# Are your stores meeting sales goals so far this year?



## boringClerk03 (Mar 17, 2022)

I just got back to Target after working in HR for a few months because the new store I'm at pays a little better than the job I had (figures). The district is in a competitive area. 

But it seems like sales are going back down or returning to how they were before COVID. We have not met sales/comparable metrics at all this quarter compared to 2020 or 2021. It makes sense though because the US is slowly opening back up again, and everyone predicted that those massive increases weren't going to sustain. 

It's still the busiest store I've been in (100M+), but I was just curious if this is happening all across or if you guys are still crushing your sales goals.


----------



## Far from newbie (Mar 17, 2022)

2021  sales were uncharacteristically high - going to be difficult to match/beat Even if we do ‘well’.
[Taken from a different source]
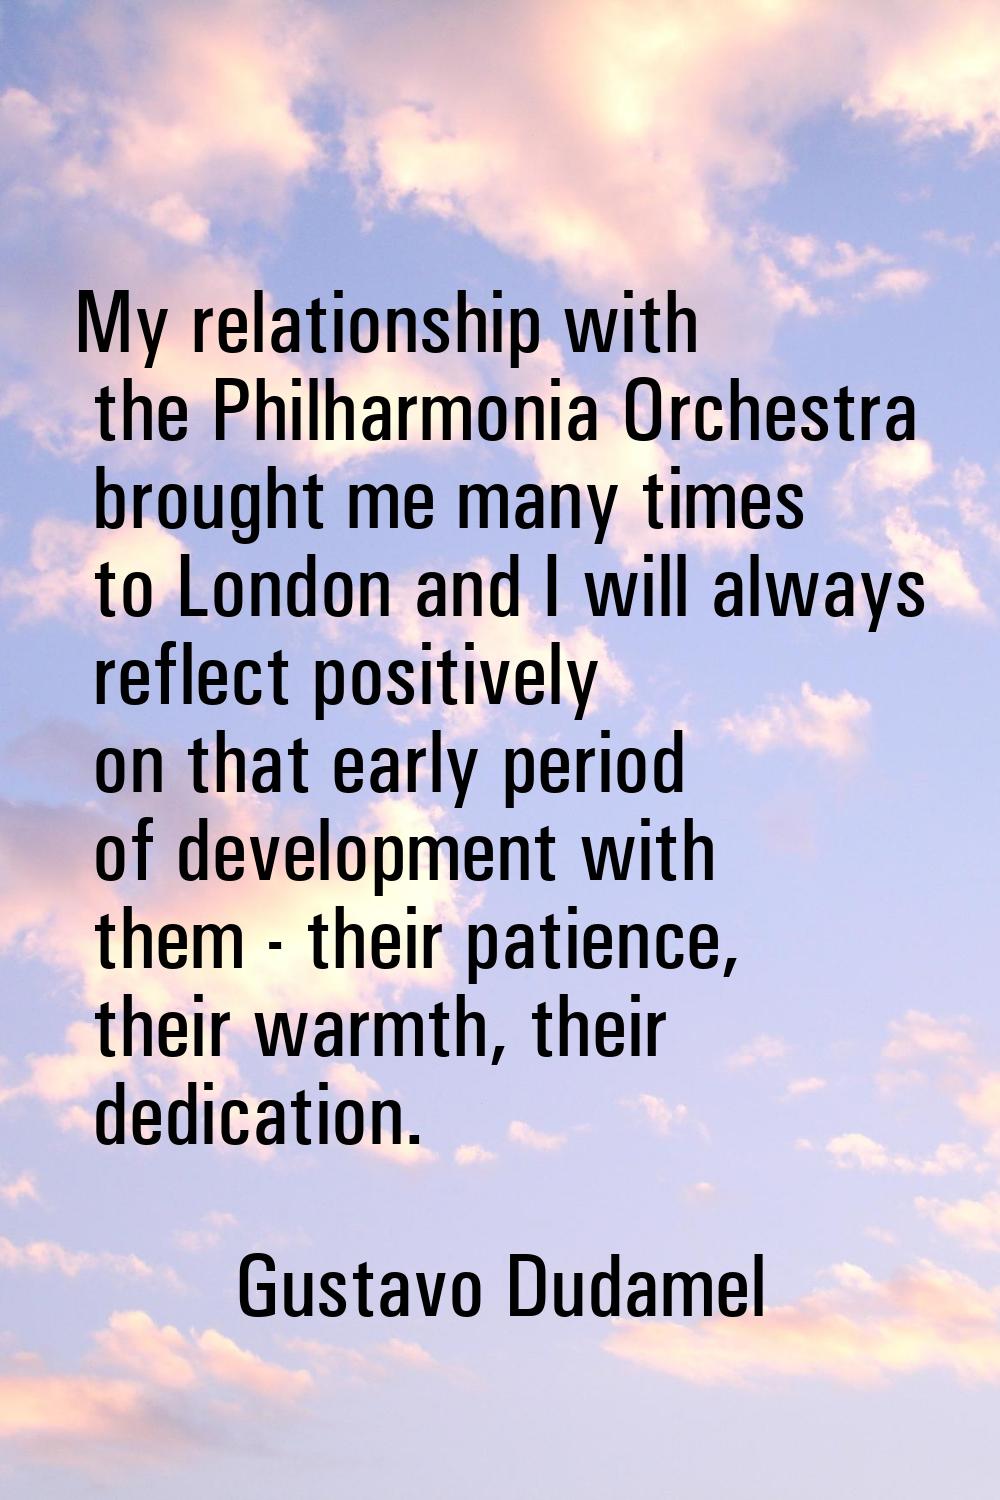 My relationship with the Philharmonia Orchestra brought me many times to London and I will always r
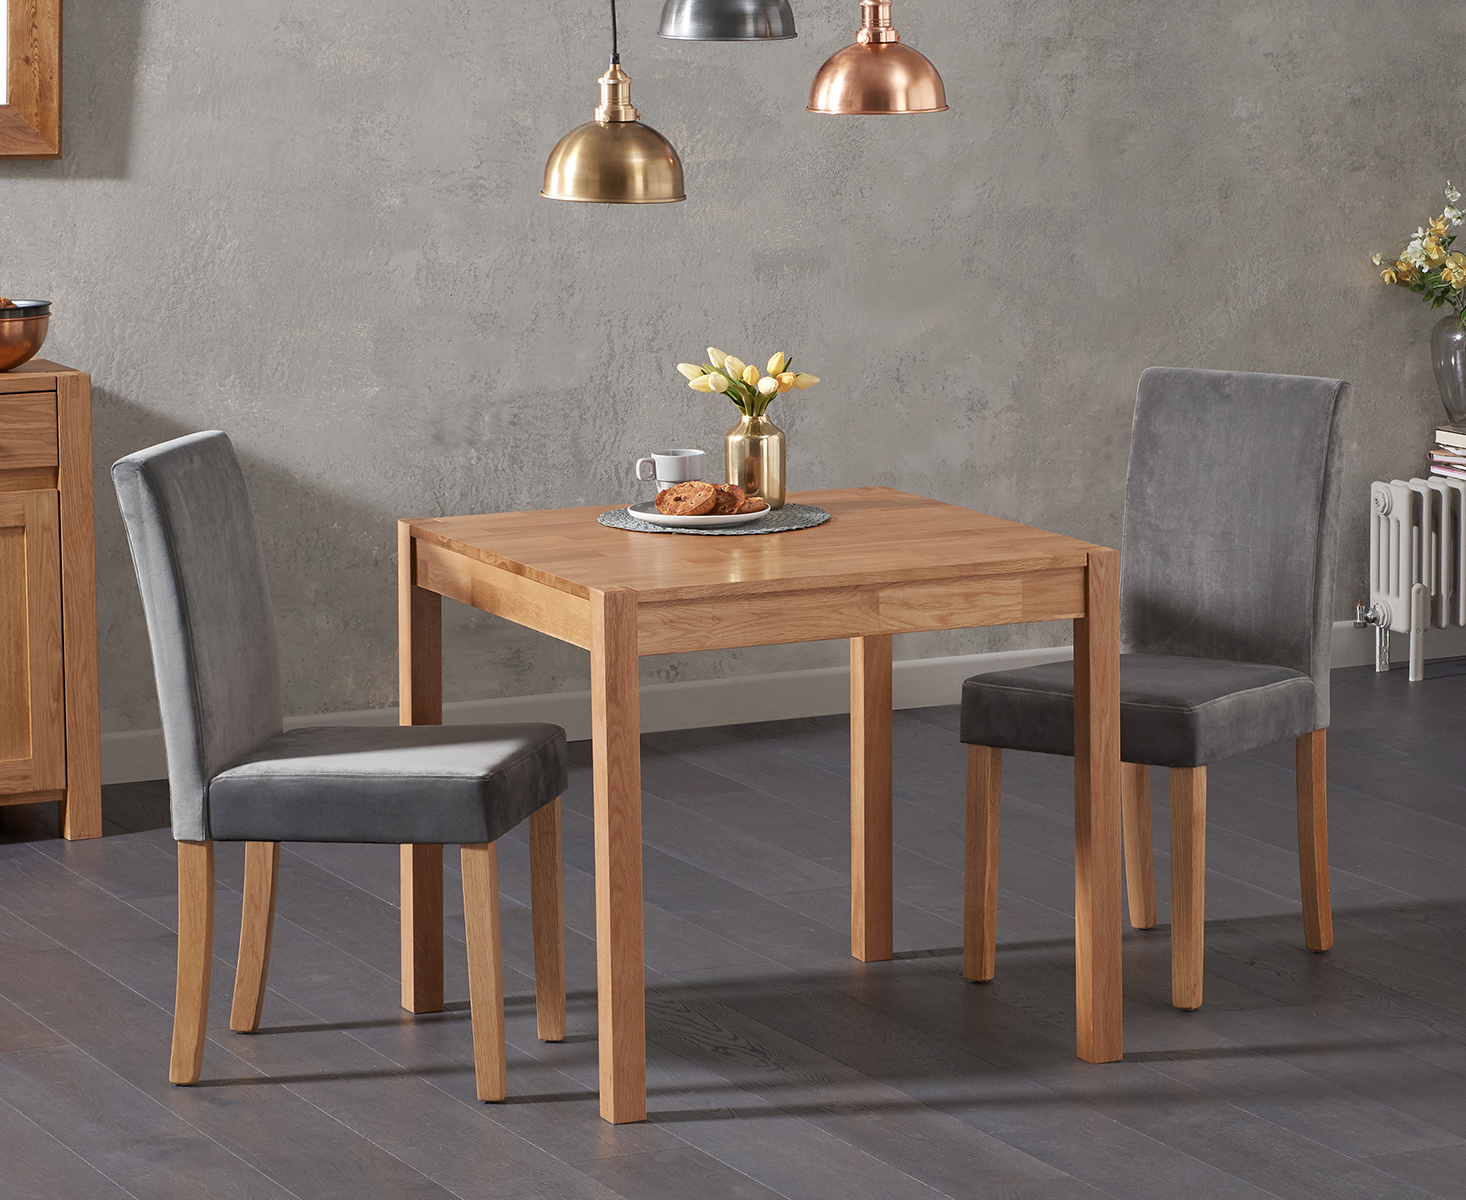 Photo 1 of York 80cm solid oak dining table with 4 grey lila chairs

Pharmacy/grocery kept us open while smaller stores were forced to close - those stores are open again - competition is greater again.

Also, discretionary income has shrunk - too much of budget paying for increased food and gas prices.


----------



## MrT (Mar 17, 2022)

We have still been crushing our sales goals to many things in my area closed down for our sales to decline.


----------



## Anelmi (Mar 17, 2022)

Our sales are down. Hasn't helped that we've had a lot of winter storms either.


----------



## Guest Avocado (Mar 17, 2022)

Anelmi said:


> Our sales are down. Hasn't helped that we've had a lot of winter storms either.



Winter storms are when we are at our best in terms of sales. That's when everybody places their giant OPU orders and we have all-day rushes that never end. As we're a SuperTarget in a fast-growing area, Guests order/buy their full groceries from us all the time.

We're also a $110+ Million store and one of the top in the country in Grocery sales and OPU/DU, so that probably has something to do with it.


----------



## happygoth (Mar 17, 2022)

Last time I checked (a couple weeks ago), we were down slightly from last year. If I remember I will check again tonight.


----------



## DatBoi9497 (Mar 17, 2022)

We're up 7% even from last year for total sales and fulfillment is up like 30%


----------



## MxTarget (May 28, 2022)

I feel like the forecasts are out of whack.  We’re still comping up +5%, but we’ve missed a lot of forecasts this month.  So many guests are traveling and spending their money differently, so the idea you’re going to be able to grow sales at the same pace seem a little short sided.  Also, with so much of the store on sale, we’re having to do more work for less money.


----------



## ericdacleric (Jun 11, 2022)

We are on pace for the same amount as last year, low 80m.  The difference is essentials/F&B are comping very high while home/AA/hardlines are pulling us down.  Look at recent inflation and guest shopping trends.  Spot will quickly adjust their strategy to focus on what the consumer demand is.  Too bad we can't flip a switch with the freight spot has purchased, we need to work through this as a team and understand that it will take some time to clear the unproductive freight from warehouses before freight matches the guest purchasing trends.


----------



## seasonaldude (Jun 11, 2022)

Can we have some payroll to clear that unproductive freight out?


----------



## jackandcat (Jun 23, 2022)

Our YTD sales are down a bit over 1%. When you consider that most product prices have increased over 2021, that's not good news. 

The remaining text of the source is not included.